Analysts at Bancorp Securities Limited, one of Nigeria’s leading investment research consulting firms, said that they expected cautious trading to continue this week in the equities market pending any significant changes in the both the market and economic indicators/conditions.
The prediction was contained in the firm’s Weekly Stock Recommendations: April 11th – 15th, 2022 sourced by our correspondent.
The company noted that Nigerian equities market closed trading activities for last week on a decline, as investors sell-off sentiment was dominant in three of the five trading days, consequently the NGX All-Share Index and Market
It also recalled that capitalization depreciated by 0.45% to close the week at 46,631.5 points and N25.13 trillion respectively. Likewise, YTD moderated to 9.2% (previously 9.7%).
In similar trend, total value declined by 20.2% to N10.8bn, while total volume was down by 11.8% to 1.14bn units. Trading in the top three equities were Fidelity Bank Plc, Transnational Corporation Of Nigeria Plc, and Zenith Bank Plc accounting for 40.01% of the total equity volume.
Bancorp Securities also noted that profit-taking witnessed in the week was mirrored in the sectorial performance as major indices finished lower except NGX Oil/Gas which was up by 3.14%w/w followed by NGX Banking index with 1.51% gain on the back of buying interest in CONOIL, ARDOVA, WEMA BANK and GTCO.

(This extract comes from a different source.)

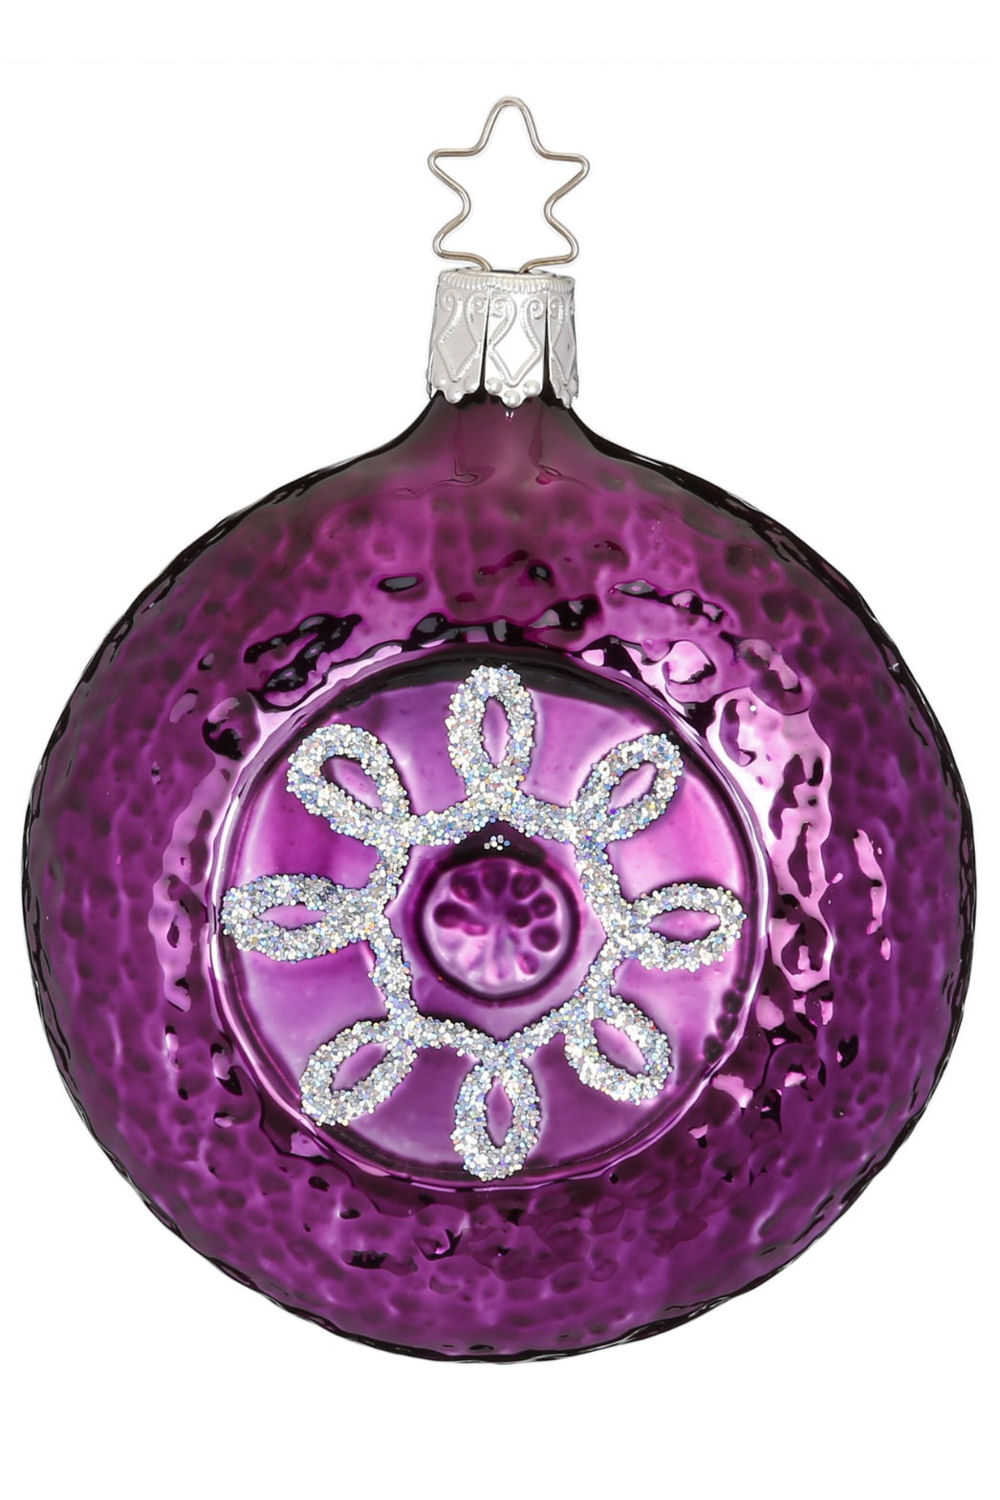 8cm INGE GLAS KUGEL PURPLE VIOLET MATT BALL GERMAN GLASS CHRISTMAS ORNAMENT

It further reported that Insurance, Consumer Goods and Industrial indices were down by 0.21%, 0.35% and 0.42% w/w respectively on the back of price decline in CORNERSTONE, WAPIC, NASCON and LAFARGE AFRICA.
The firm’s analysts recommended GTCO, WAPCO, ZENITH, FLOURMILL as ‘Strong Buy’ for investors based on the recent performances of the companies, especially in year-on-year gross earnings and revenues, amongst other assessment indices.
For instance, the firm’s experts projected on GTCO: “In 2022, we estimate the group’s earnings to rebound, aided by higher treasury yields and risk asset development.
“Furthermore, the company is trading at a significant discount and historical valuation after losing 19.6% in 2021. Investors will find this to be an appealing starting point. As a result, we retain our BUY rating on the stock”, they added.